Input: n = 4, arr[] = {2, 4, 1, 2}
Output: 3
Explanation: First you can choose x = 2 then after one operation array will become {0, 4, 1, 0} and in the second operation you can choose x = 1 then after the operation array will become {0, 4, 0, 0} and at last you can choose x = 4 and the array will become {0, 0, 0, 0} which is sorted in non-decreasing order.
Approach: The problem can be solved based on the following idea:
This problem can be solved using a greedy approach. We know that an array is sorted in non-decreasing order if arr[i] <= arr[i+1] for all i. So as we get arr[i] > arr[i+1] then we have to set x = arr[i]. So, the optimal idea is to traverse the array from the end and mark the index for which arr[i] > arr[i+1] and then count the different elements till that index.

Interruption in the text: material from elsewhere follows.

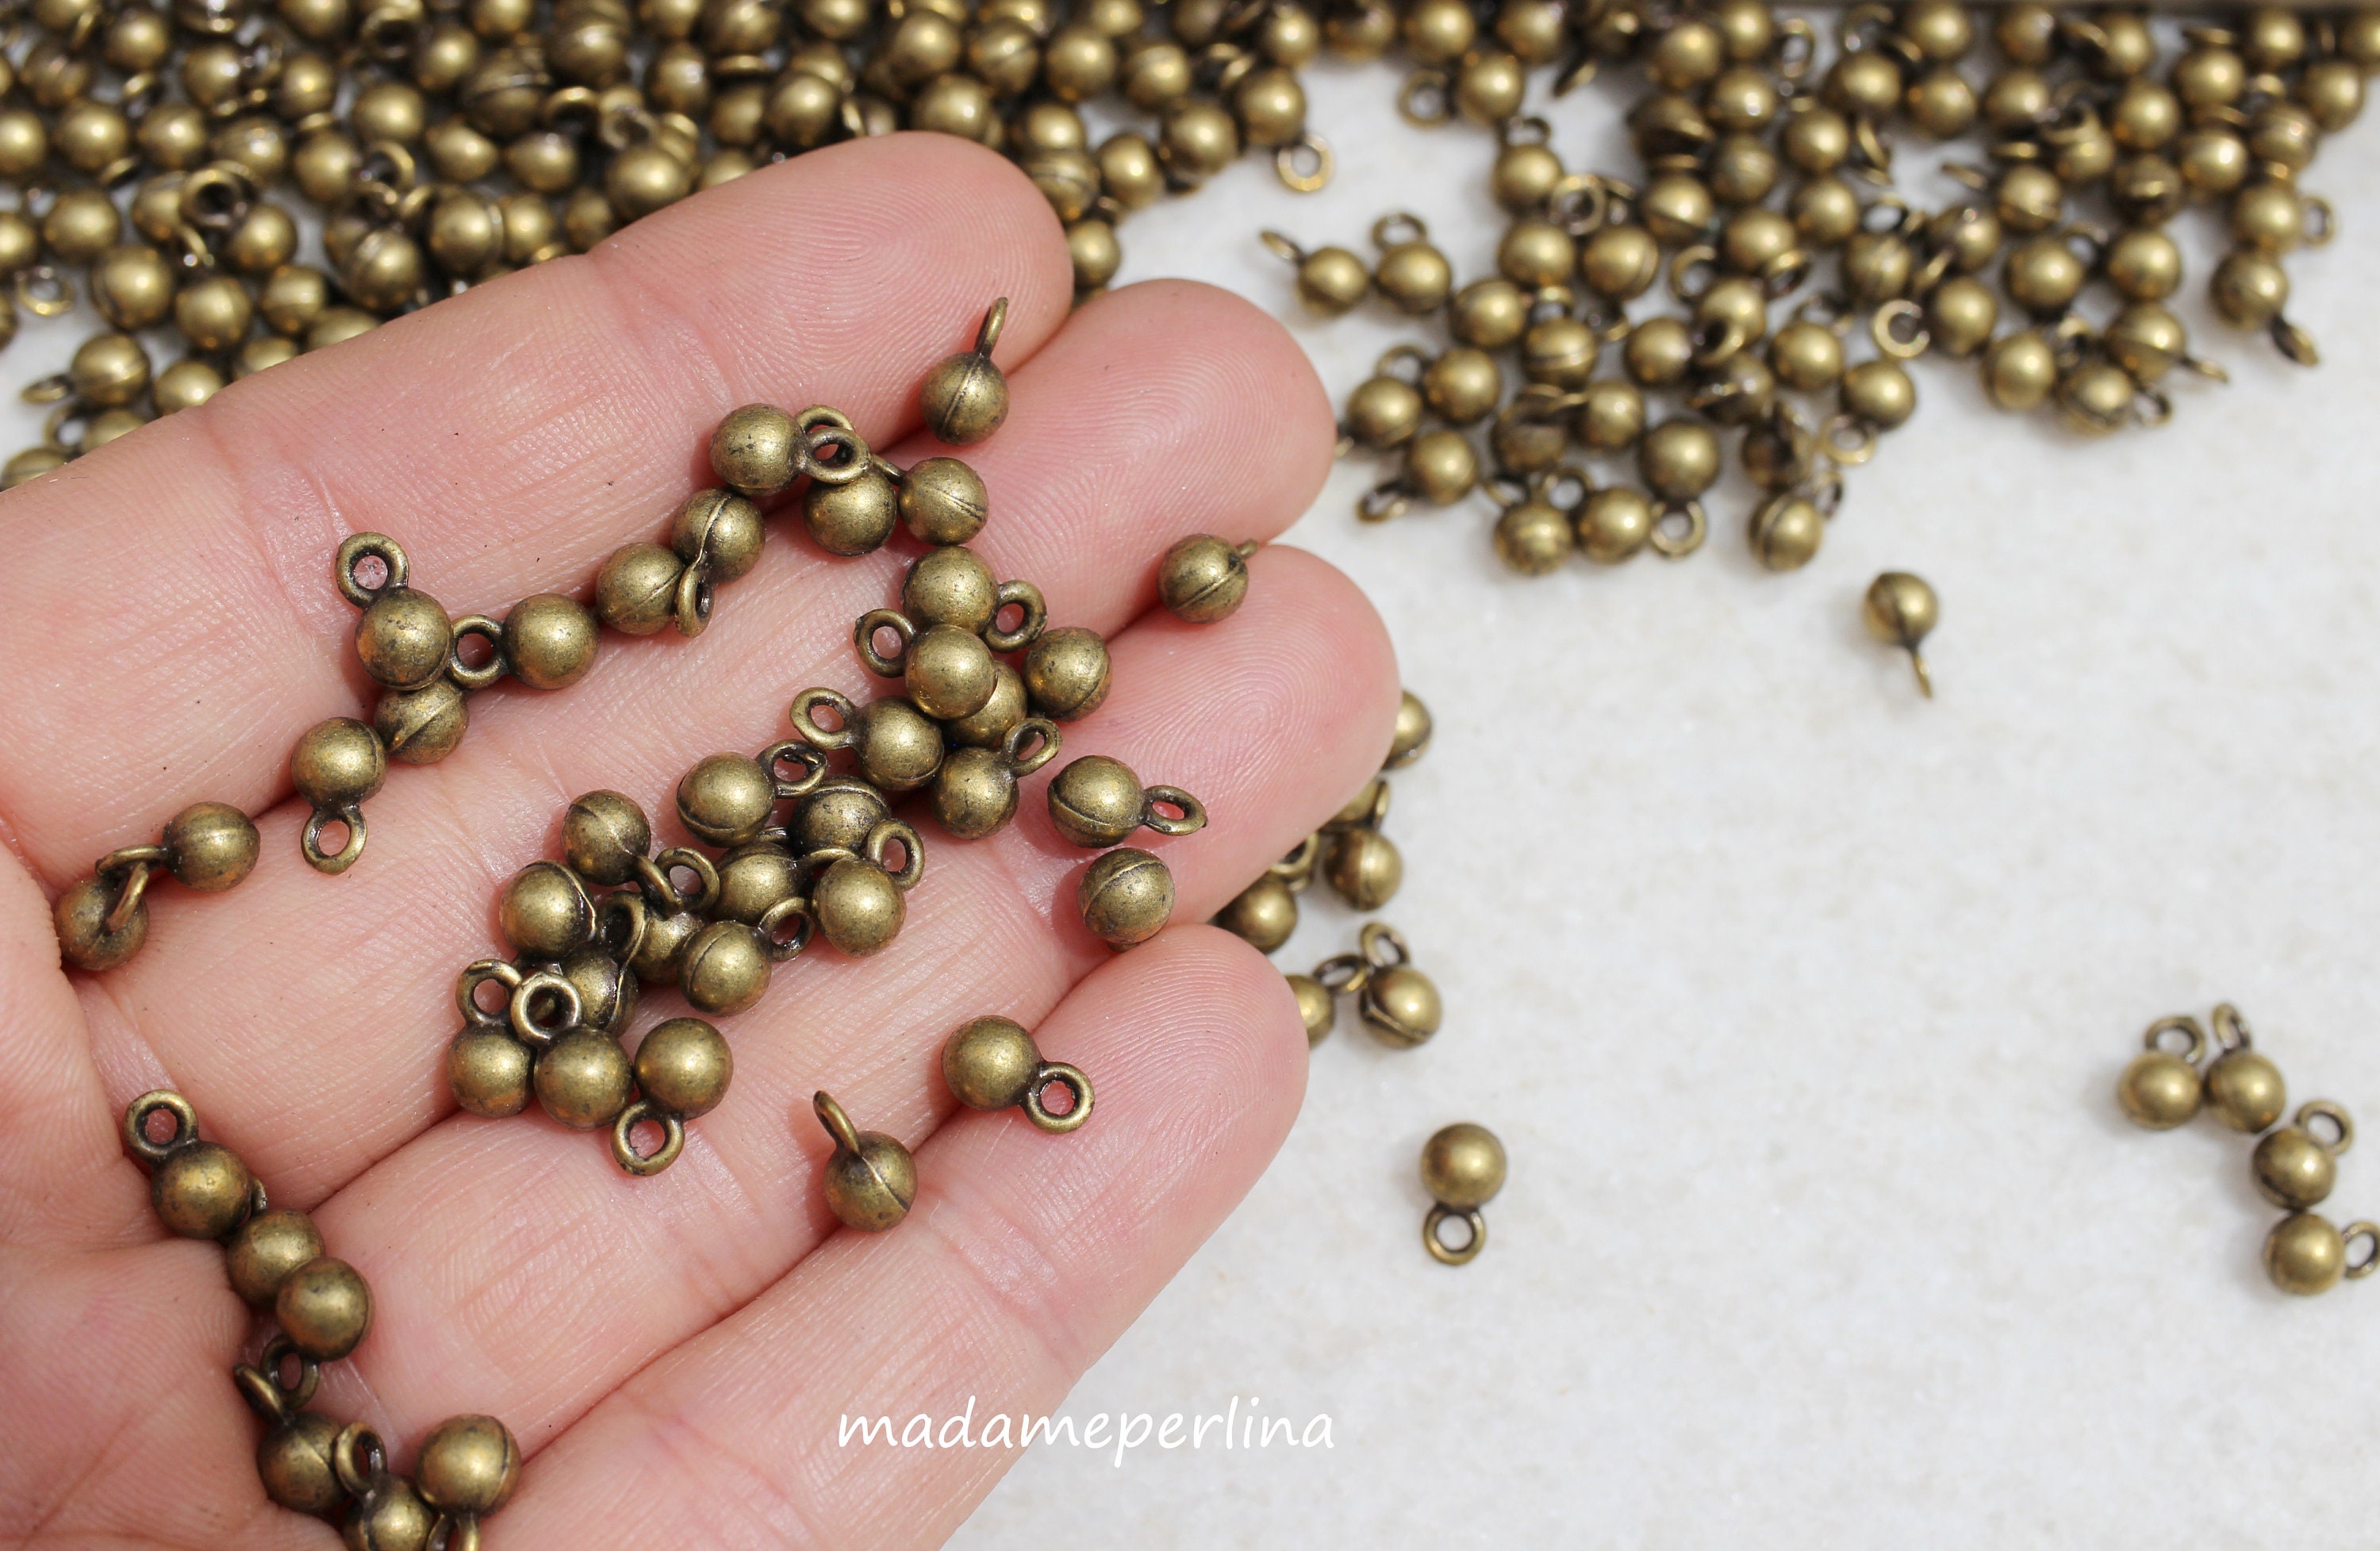 Round Gold Ball Drop Charms Jewelry Making Supplies Findings Metal

Follow the below steps to implement the idea:
- Find the last index from the end such that arr[i] > arr[i + 1].
- If the array is already sorted then return 0.
- Else make a visit[] of size n+1 which will be true only for those elements which should be zero to make the array sorted.
- To fill the visit[] we will run a loop from the end of the arr array and mark all the indexes till the last index as true and then from the last index+1 to n-index iterate the arr array and mark the vis index as true for which the element already exists.
- Now count the all true elements of the vis vector and return the answer.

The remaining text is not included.